And that’s just the beginning of a long list of abominations…
So why isn’t the Berkeley campus already electrified with resistance to the USA's disturbing slide toward a new Corporatism (i.e., fascism)?
Well, it isn’t as simply as apathy or selfishness or the absence of a military draft.
There are two contributing factors of great significance. One of them is reflective of a change for the good, and the other is reflective of a change for the bad.
The good change is that we have entered the Information Age. The messages that were scrawled in spray paint and silk-screened on posters in the Sixties and Seventies now adorn the World Wide Web. The political harangues that used to be blasted from loudspeakers in the lush green commons are now blogged and podcast in the digital world. Cyberspace is on fire with articulate, engaged young reformers and dissidents, you just have to jack in to feel their heat.
The bad change is that the harsh realities of the sell-out and sell-off of the US economy have hit college students and twenty-somethings harder than almost anyone else in our society. Today’s youth are focused on day to day survival and improving their very slim odds of success in life. They don’t have the time to shut down campuses or the money to make bail or the carefreeness to gamble their future careers on getting labeled as malcontents.
These ruminations led me to the work of Anya Kamenetz.
Anya, a young Village Voice writer, has provided some great coverage of the Hurricane Katrina catastrophe (she grew-up in Baton Rouge and New Orleans), including recently:
When the Levees Broke: Hurricane Katrina unravels the threads of a fragile New Orleans society, 8-31-06
MY Truth about Baton Rouge, Huffington Post, 8-25-06
New Orleans' Housing Fiasco, Tom Paine, 8-25-06
She has also written for the New York Times, the Washington Post, New York Magazine, Salon, Slate, and The Nation.
Anya’s first book, Generation Debt: Why Now Is A Terrible Time To be Young (Riverhead Books, 2006) delivers both a poignant perspective on the dilemma that confronts today’s young people and a compelling analysis of its root causes.

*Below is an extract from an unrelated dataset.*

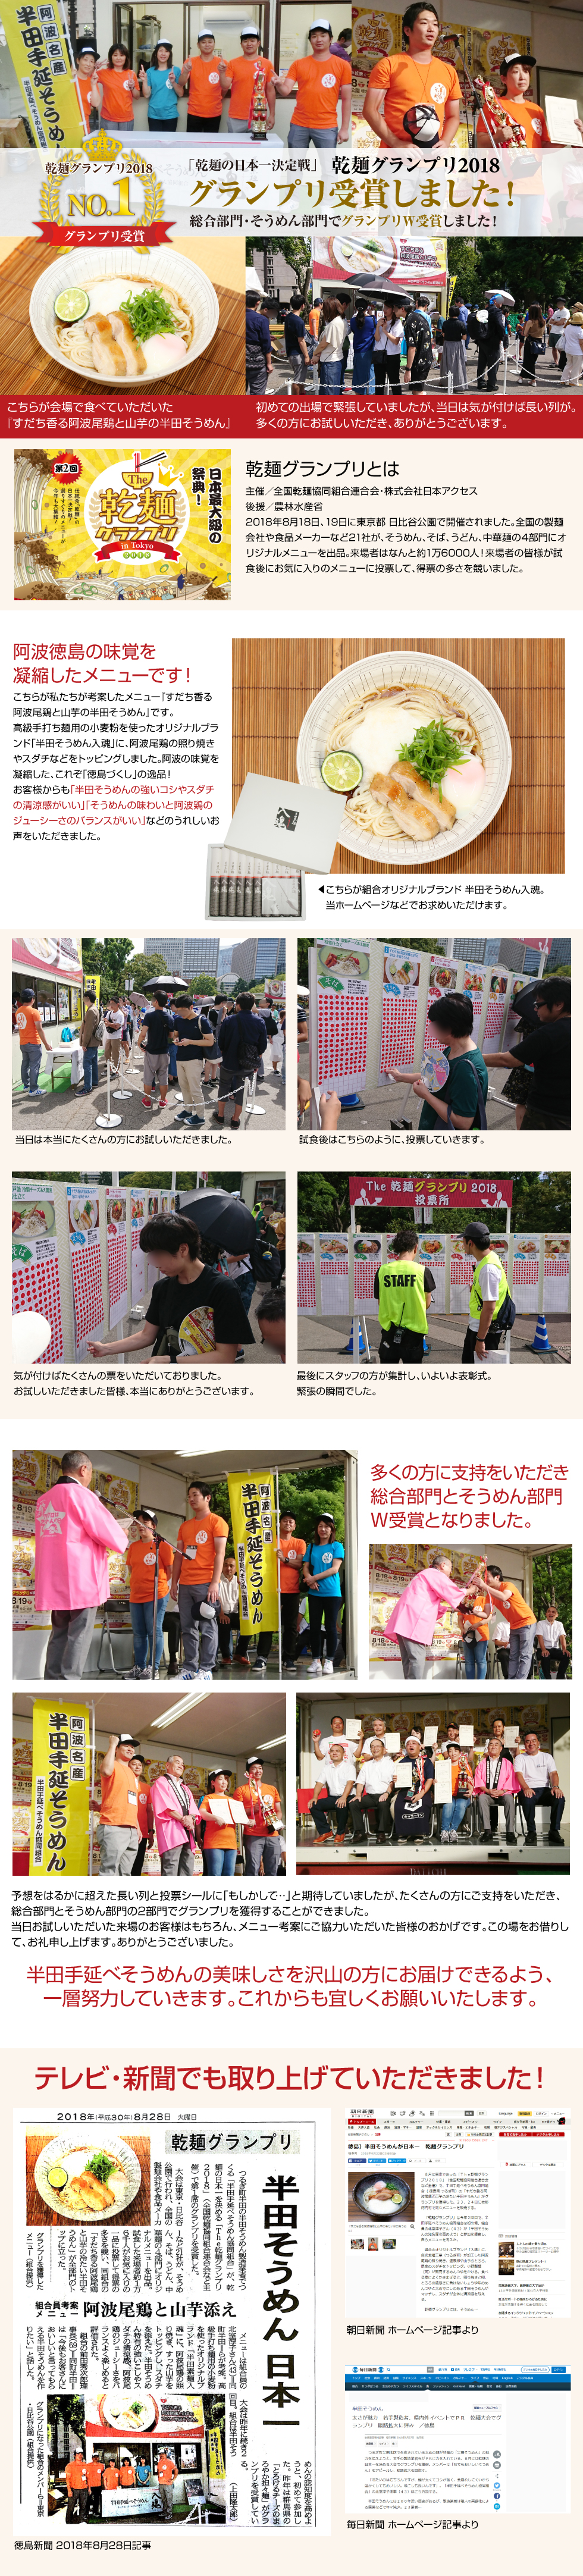 2018年8月18日、19日に東京都 日比谷公園で開催された乾麺グランプリ2018で、当組合のメニュー『すだち香る阿波尾鶏と山芋の半田そうめん』が総合部門・そうめん部門でグランプリをW受賞しました。

Facts on the Ground for Generation Debt

Just as security, sustainability and spirit are interdependent, so are economic security, environmental security and national security.

Here are some excerpts from Generation Debt to give you some sense of the sweeping scope of economic security issues that threaten the youth of the USA:

Spiraling Tuition Costs: “An unprecedented explosion of borrowing has made up the difference between what colleges charge and what families can afford….Nearly a quarter of all students, according to a 2005 survey, are actually putting their tuition directly on plastic.”

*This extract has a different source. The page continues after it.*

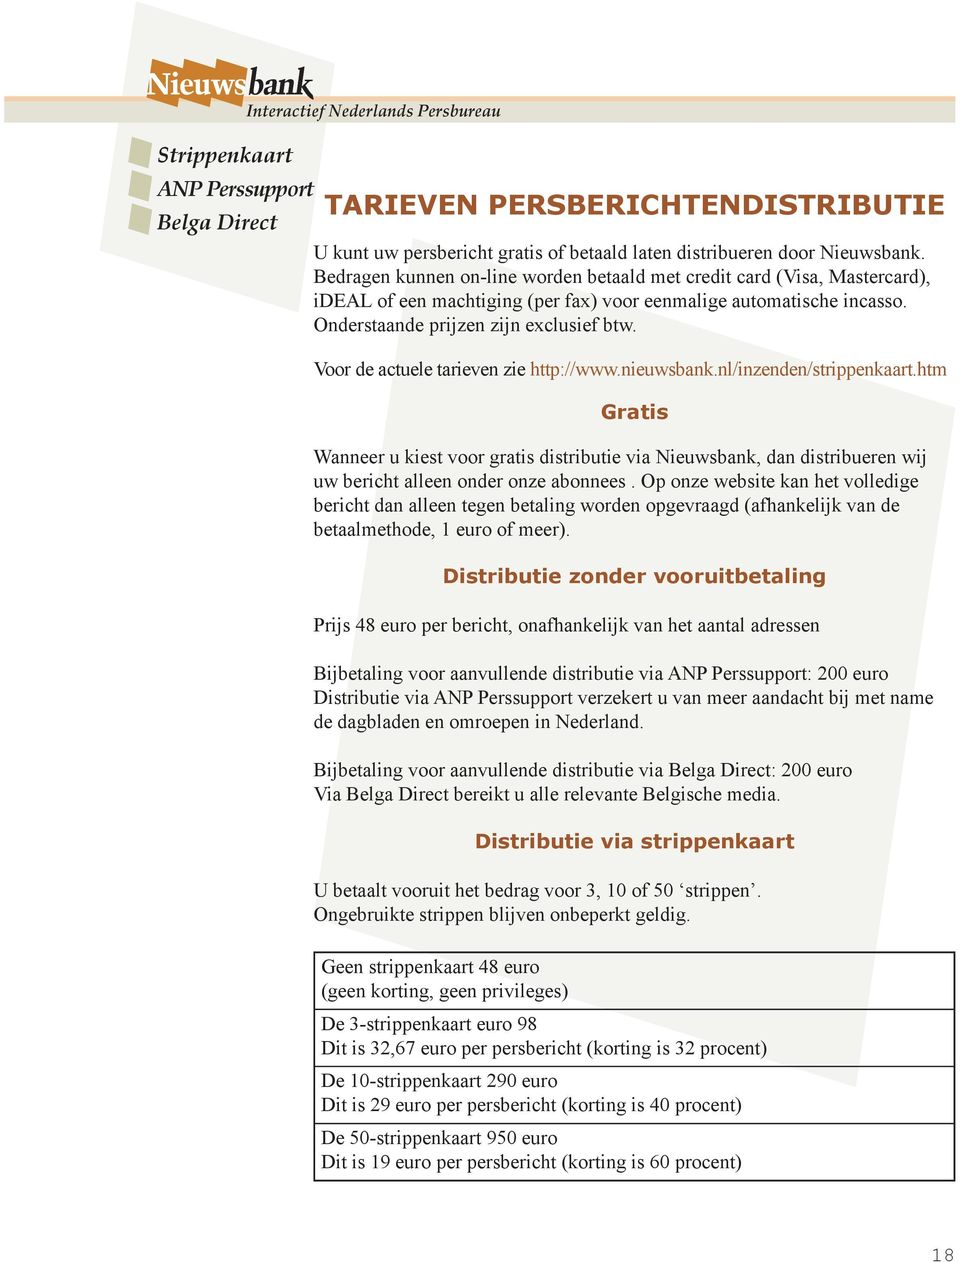 Voor de actuele tarieven zie http://www.nieuwsbank.nl/inzenden/strippenkaart.

Low Wages & Unemployment: “In 1970, remember, high school graduates entered the world of GM and $17.50 an hour. In 2006, they enter the world of Wal-Mart and $8 an hour. If they don’t have the money, merit, social connections, perseverance, and luck to get a valuable credential, they are shut out on the wrong side of an ever-widening divide between high-wage knowledge jobs and lower-wage service jobs….There are plenty of young people who flushed out of the school-to-work system altogether. A rising number of sixteen-to-twenty-four-year-olds in the ‘000s -- a record 5.5. million by 2002 – became officially “ disconnected,” not employed, not in school, not in the military.”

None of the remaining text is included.